Wordpress blog updates - Seo plugin, template tutorial, logo design: The robots.txt file

The robots.txt file is a rule according to which the search engine will index your site. Where you want the file robots.txt? The record format and syntax, which supports the file robots.txt. How to use meta-tag «ROBOTS»? What non-standard methods of management by search engines exist? How to avoid gross errors in compiling the file robots.txt? Here is the list of issues raised by this article.

And so, here we go...

Appointment of a robots.txt file

The robots.txt file exists for a long time. Back in 1994, there is an agreement about its use. This is a plain text file containing instructions clear search engines. For those who do not know:

Search robot is a software search engine to index the documents published on the Internet.
Indexing is the process of adding information about the site in the search engine database.
Indexing is necessary to quickly find the information you need on the Web search engine users: Google, Rambler, Yahoo, MSN, etc.

In fact the instructions given in the robots.txt file are generally reduced only to what to tell the search engine what files and directories site is not indexed, I.e. not to introduce into their database, Any site contains directories and files that do not contain useful information for network users. Their indexing can cause additional load on the server and even harm a site with rankings in the search results.

The robots.txt file blocks access to such robots directories and files than providing an invaluable service to all, usually do not index directories with scripts, such as «cgi-bin» and other software directories. Other directories and files that contain proprietary and other information are not intended to be indexed.

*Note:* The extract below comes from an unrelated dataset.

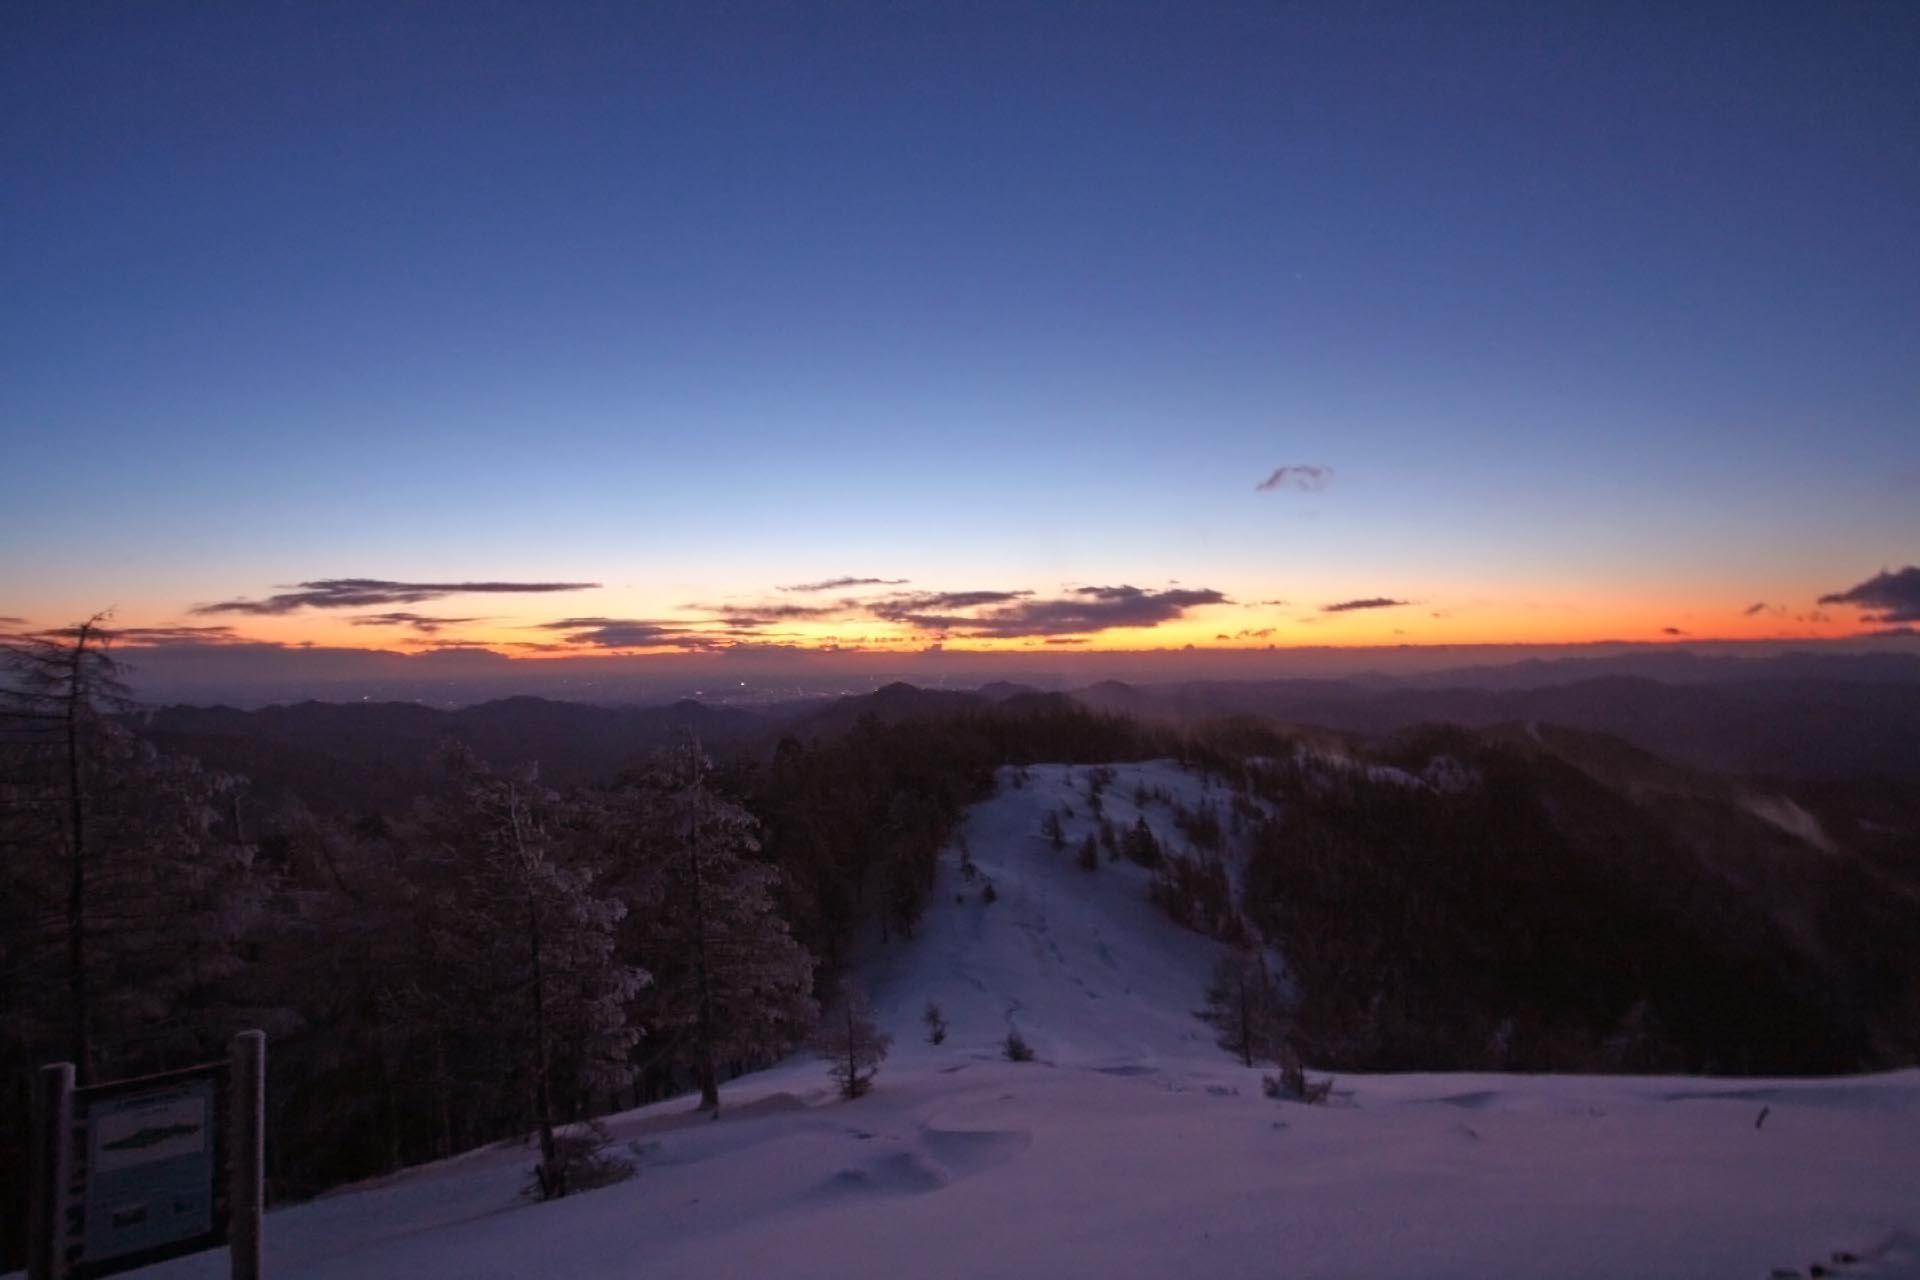 冬の早朝 雲取山の山頂から見る風景

The format of the robots.txt file

To start the search engine to index your site enough to create an empty robots.txt file and place it in the root folder of your website. It was there that he will seek a search engine robot. The path to the file should be:

The robots.txt file must be named only and not otherwise, the name in lower case. File located in the root of your site. Empty file allows to indexing all the content of your website to all search engines, Just worth to mention that the robots.txt file in any case does not prevent access to content and has only advisory functions, If the robot instructed to inspect all of the directories - it will ignore all the taboos recommendations and knows how to go.

Syntax

To recommend any robot not to index a particular directory, one or more records of office ending in a newline (CR, CR / NL or NL). If multiple rows are separated by one or more blank lines. Each entry must contain the lines (lines) of the following form:

Where the field is for <field> directives are not case sensitive input characters, and <value> - value taken to the execution of the directive. Directives are not many: Use-agent, Disallow, Host, and Sitemap.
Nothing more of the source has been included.